Glucocorticoids are the cornerstone of asthma therapy due to their potent anti-inflammatory action. However, a subset of severe asthmatics do not respond to the standard glucocorticoid treatment. Such phenomenon is referred to as glucocorticoid insensitivity (GCI). From a clinical point of view, GCI is characterized by the reduced therapeutic response with improvement of less than 10-15% in lung function parameters, such as FEV1, upon the administration of an adequate glucocorticoid dose. The mechanisms underlying GCI involve disrupted glucocorticoid receptor (GR) signaling, overexpression of the dominant-negative GRβ isoform, increased activity of pro-inflammatory transcription factors such as NF-κB and AP-1, and abnormal GR phosphorylation by kinases such as p38 MAPK. These altered molecular pathways undermine the anti-inflammatory effects of glucocorticoids on immune and structural airway cells, thus maintaining the chronicity of airway inflammation and remodeling. GCI can be of innate genetic origin, as in the case of GR mutations, or acquired through environmental exposures, including viral infections, smoking, and long-term exposure to pollutants in the environment. GCI represents a big challenge in the management of asthma, since a large proportion of cases do not achieve an adequate level of control with the standard treatment options. Recent advances in the understanding of the molecular mechanisms underlying GCI have enabled the development of novel therapeutic strategies, including biologic therapies targeting interleukin-5 and IL-13, Janus kinase inhibitors, and small-molecule drugs aimed at restoring GR function. This article presents a critical discussion on the current state of knowledge regarding the glucocorticoid resistance mechanisms in asthma, identifying the clinical effects of new therapeutic strategies, with special emphasis on the need for personalized treatment regimens to improve outcomes in glucocorticoid insensitivity.

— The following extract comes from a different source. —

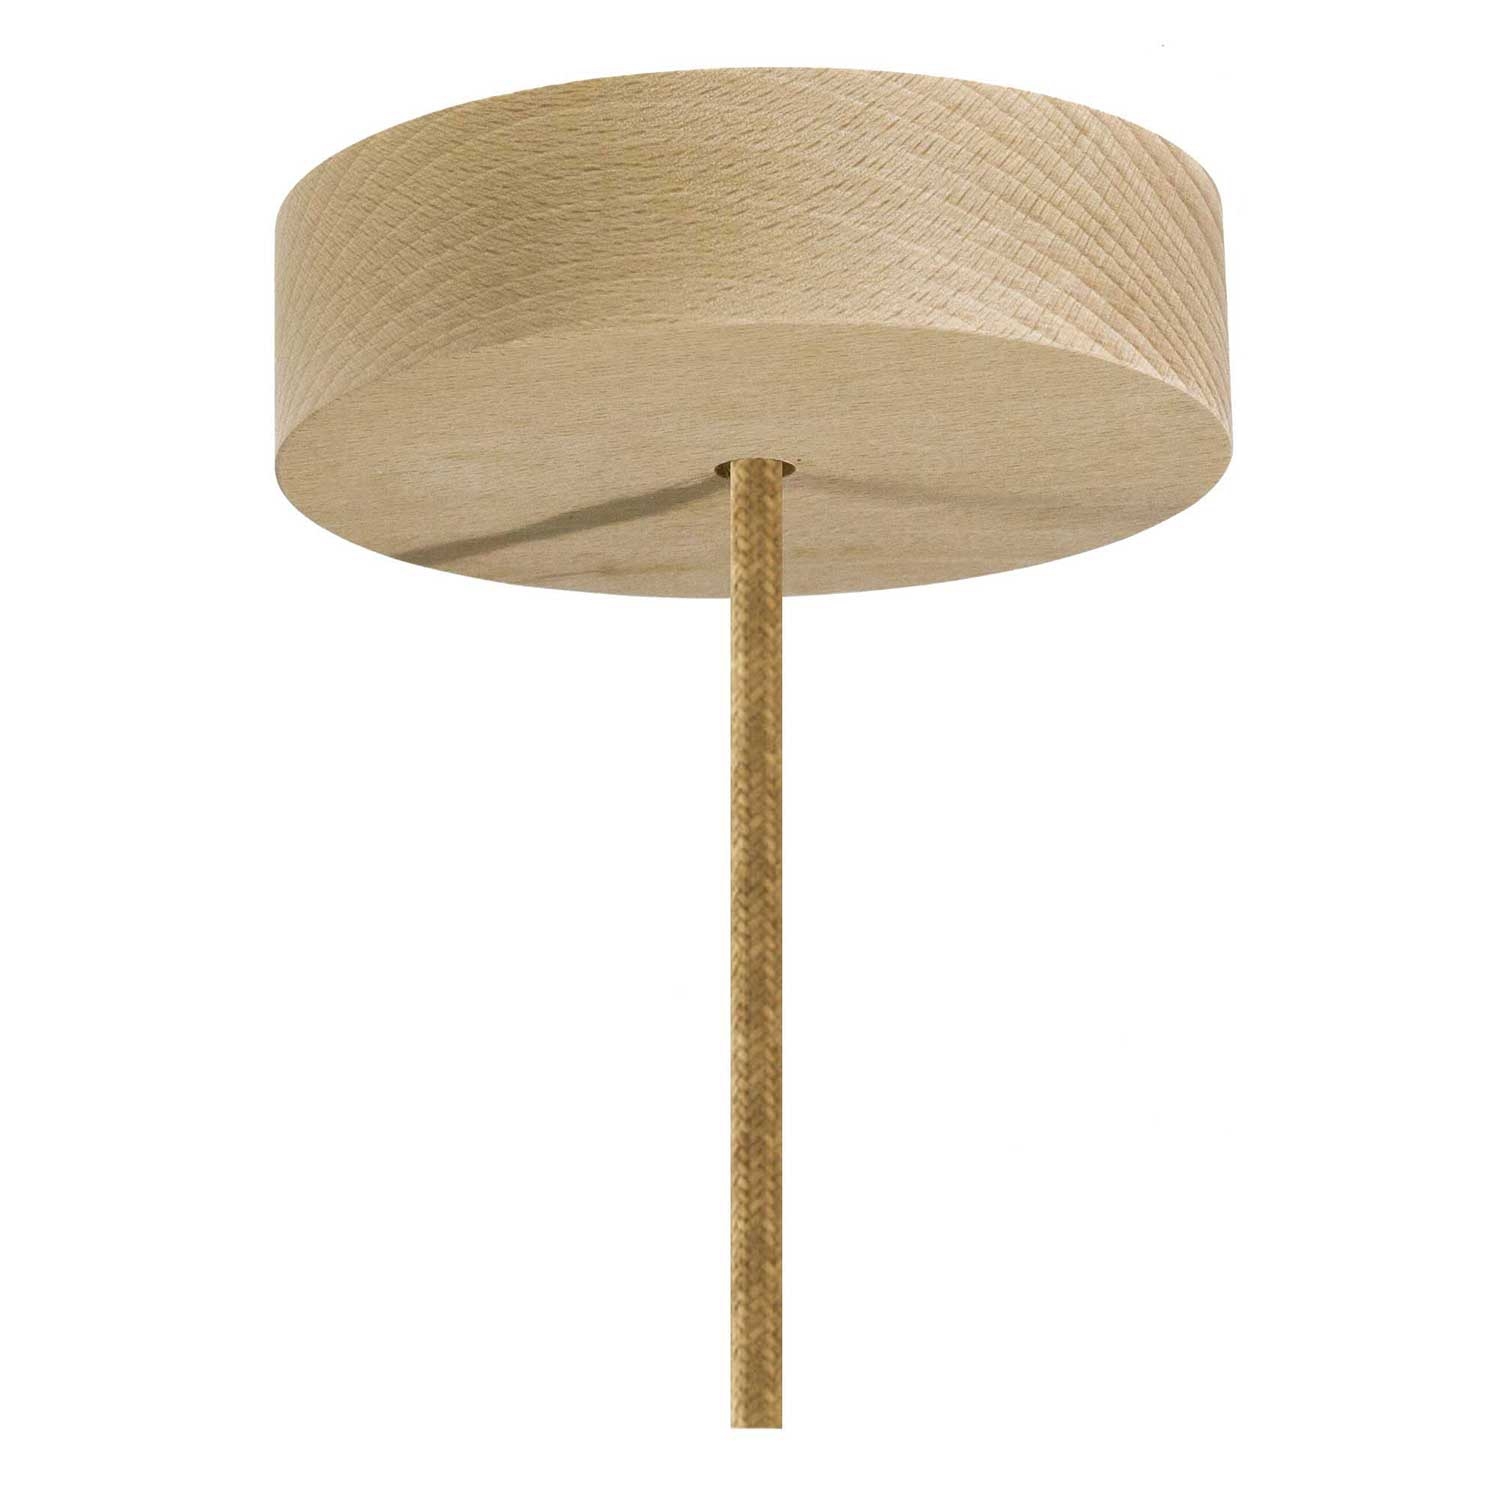 Pendant lamp with textile cable, raffia Cylinder lampshade and metal details
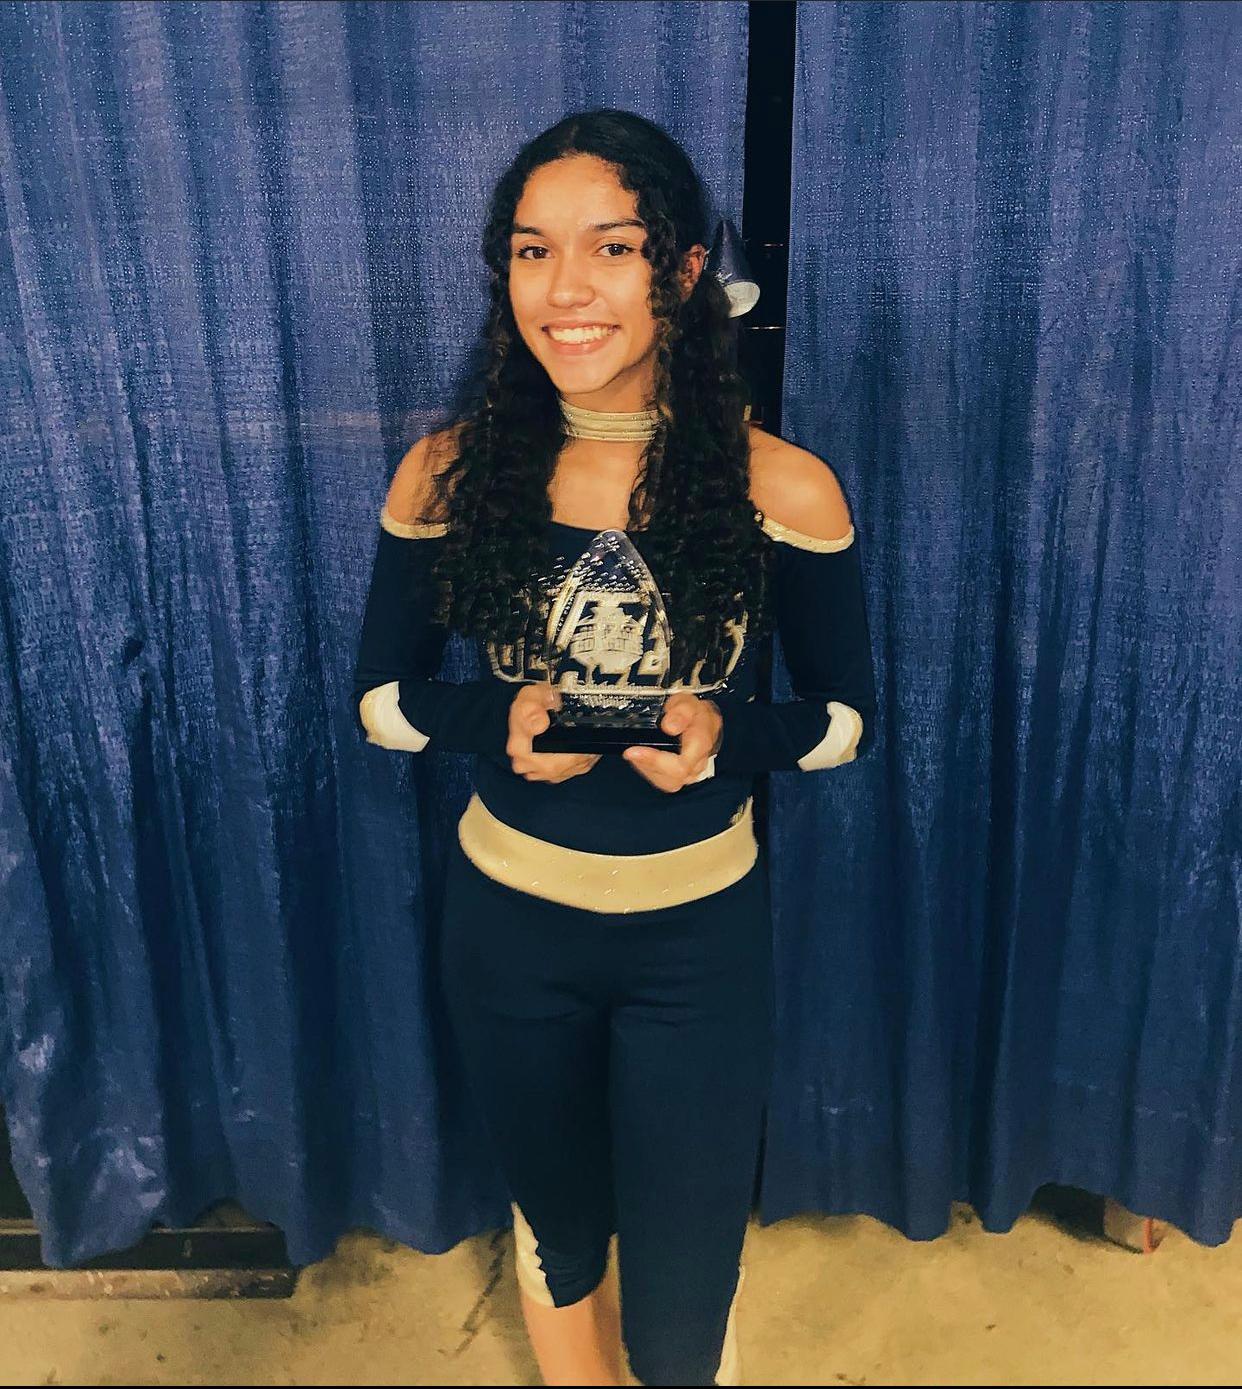 Addison Trail senior earns first place in Illinois Cheerleading Coaches Association (ICCA) Scholarship program

严重哮喘的糖皮质激素不敏感:潜在的分子机制、挑战和新兴疗法。
糖皮质激素因其有效的抗炎作用而成为哮喘治疗的基石。然而,一部分严重哮喘患者对标准的糖皮质激素治疗没有反应。这种现象被称为糖皮质激素不敏感(GCI)。从临床角度来看,GCI的特点是在给予足够剂量的糖皮质激素后,治疗反应降低,肺功能参数(如FEV1)改善不到10-15%。GCI的机制包括糖皮质激素受体(GR)信号传导中断、GRβ显性阴性亚型的过度表达、NF-κB和AP-1等促炎转录因子活性增加,以及p38 MAPK等激酶对GR的异常磷酸化。这些改变的分子通路破坏了糖皮质激素对免疫和气道结构细胞的抗炎作用,从而维持气道炎症和重塑的慢性。GCI可能是先天遗传的,如GR突变,也可能是通过环境暴露获得的,包括病毒感染、吸烟和长期接触环境中的污染物。GCI是哮喘管理的一大挑战,因为很大比例的病例不能通过标准治疗方案达到适当的控制水平。最近对GCI分子机制的理解取得了进展,这使得新的治疗策略得以发展,包括针对白介素-5和IL-13的生物疗法、Janus激酶抑制剂和旨在恢复GR功能的小分子药物。本文对哮喘中糖皮质激素耐药机制的现状进行了批判性的讨论,确定了新的治疗策略的临床效果,特别强调了个性化治疗方案的必要性,以改善糖皮质激素不敏感的结果。
本文章由计算机程序翻译,如有差异,请以英文原文为准。